5. The second objection of the department is that the appellant do not satisfy the conditions no. 2(e) of 12/05 ST regarding non-availment of cenvat credit. The appellant’s plea from the very beginning has been that they have never availed cenvat credit either in respect of inputs or input services and that they have been claiming filing only the rebate in respect of input/input services from time to time and that in the ST-3 Return for October 2010 – March, 2011 the rebate claim had been mentioned as cenvat credit availed by mistake. I am of the view that when it is not denied that the appellant are a 100% EOU i.e. a STP unit and their domestic transactions are rare, there would not be no occasion for them to utilize the cenvat credit if any availed when it is not the case of the Department that they have also claimed cash refund of accumulated cenvat credit under Rule 5 of Cenvat Credit Rules, 2004. It would not be correct for the department to conclude that they have availed cenvat credit just on the basis of Col.5b of the ST-3 Return without checking the records, which are required to be maintained by the appellant for availment of cenvat credit in respect of the provisions’ of Rule 9(6) of the Cenvat Credit Rules, 2004. The availment of cenvat credit in respect of input or input services is a matter of fact which has to be verified from the records maintained by the appellant and no inferences can be drawn in this regard merely from the ST-3 Returns, when the appellant, from the very beginning are pleading that the entry in Col.5b regarding availment and utilization of the cenvat credit was made by them due to mistake and that the figures regarding utilization of cenvat credit mentioned in this col. is actually the figure of rebate claim which has been granted to them.
6. In view of the above discussion, the impugned order is not sustainable.

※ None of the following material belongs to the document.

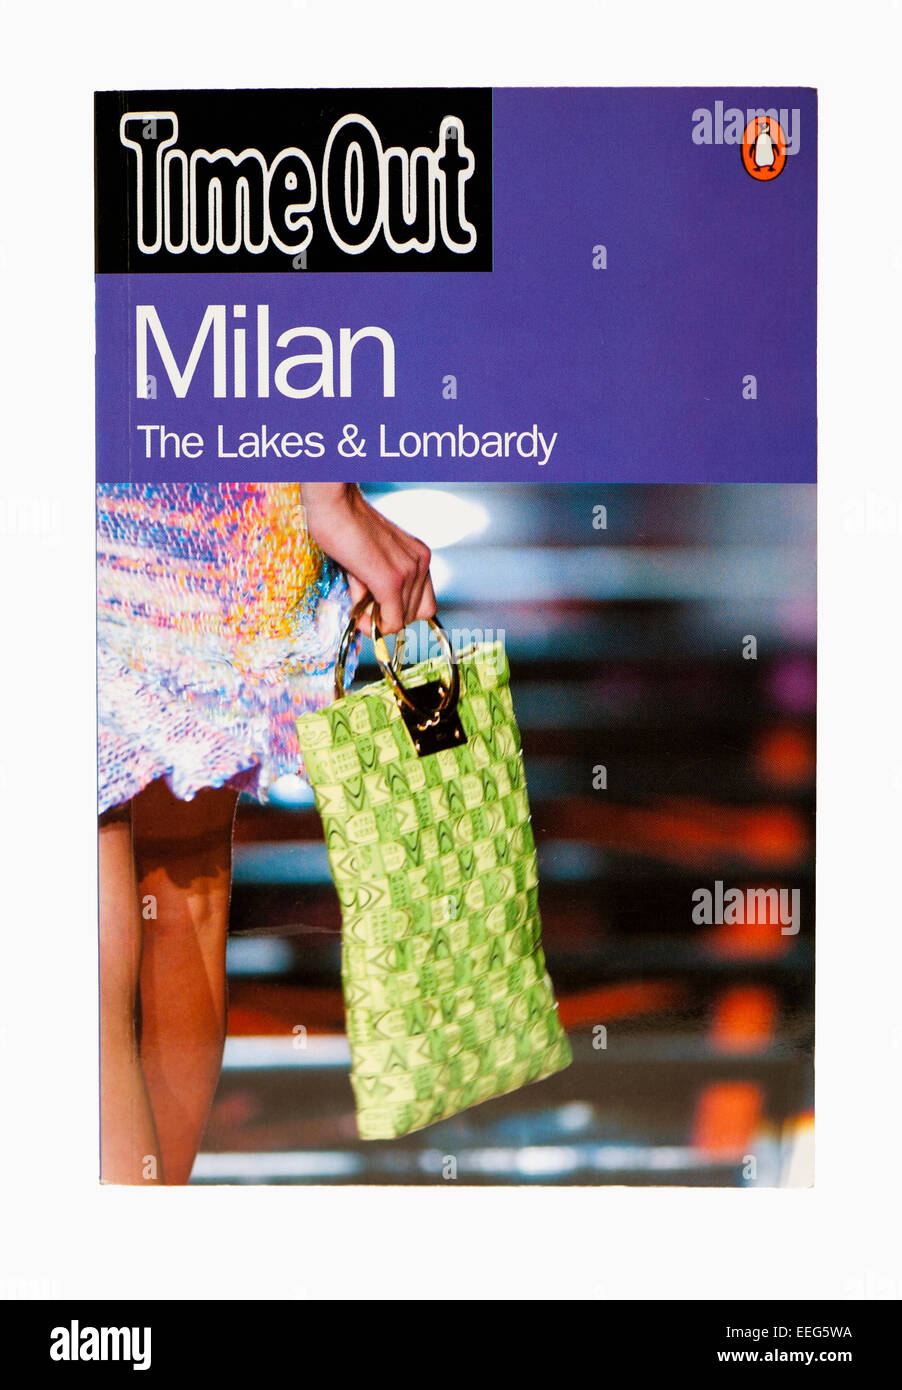 Milan Time Out Travel Guide Stock Photo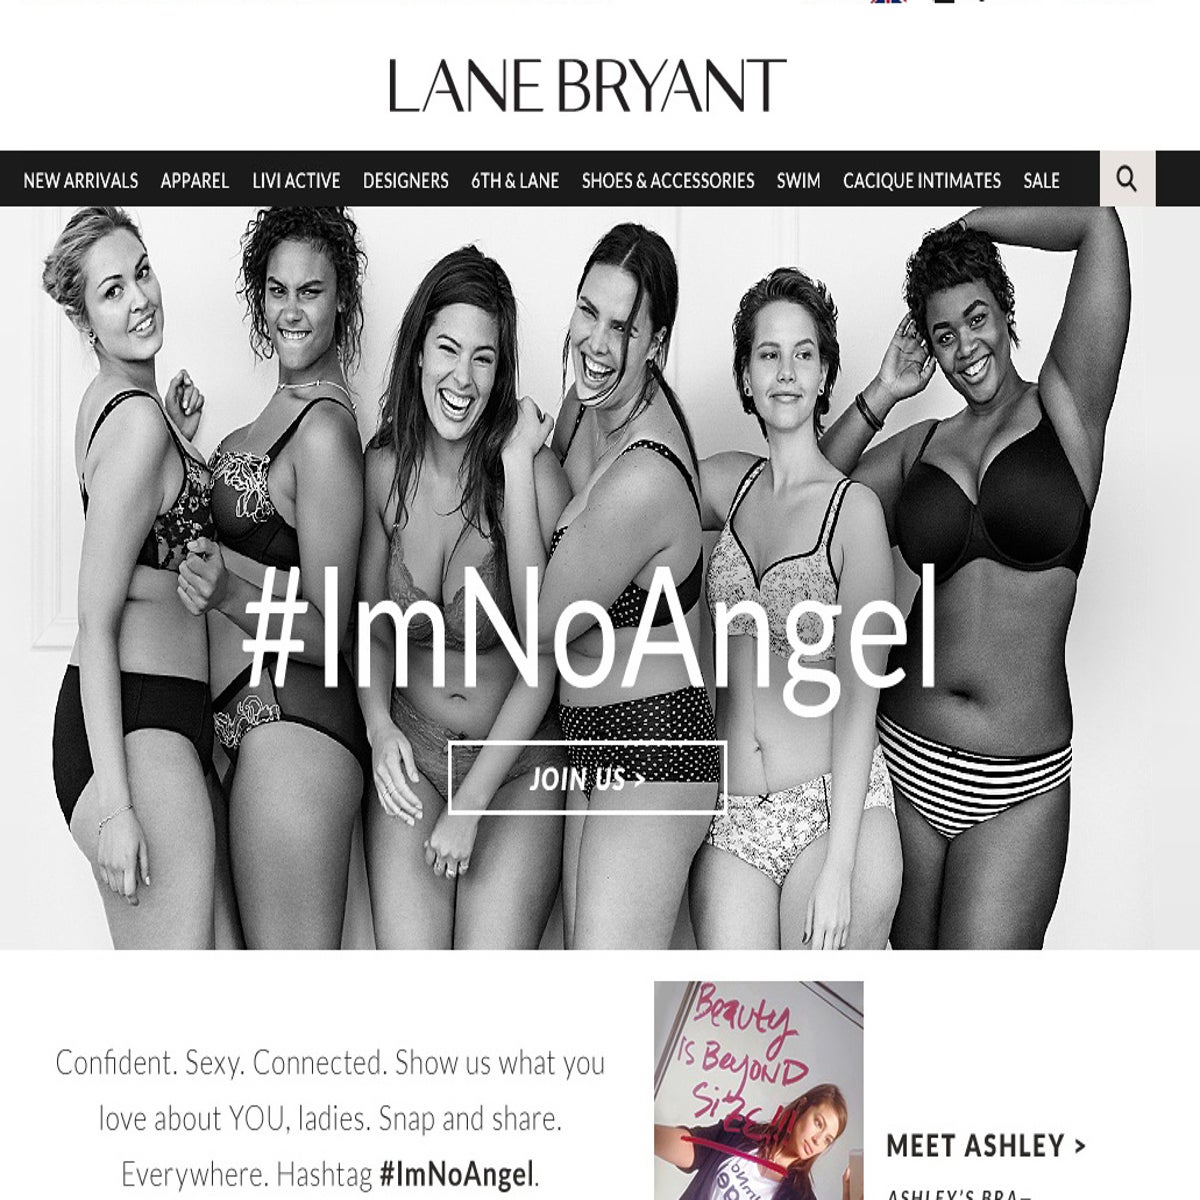 Plus size retailer Lane Bryant hits out at Victoria's Secret with  #ImNoAngel underwear campaign, The Independent

The same is set aside and the matter is remanded back to the original adjudicating authority for deciding the rebate claim filed by the appellant afresh. If from the records maintained by the appellant, it is clear that they have not availed any cenvat credit the rebate claim would have to be accepted. The adjudicating authority while examining the rebate claim is also taken into account the Chartered Accountant’s certificate whose validity is to be considered in the light of the Tribunal’s decision in the case of R.B. Agarwal & Co. (supra). The appeal stands disposed of as above. Since the rebate claim two years old, the original adjudicating authority is directed to complete de novo adjudication within a period of 3 months.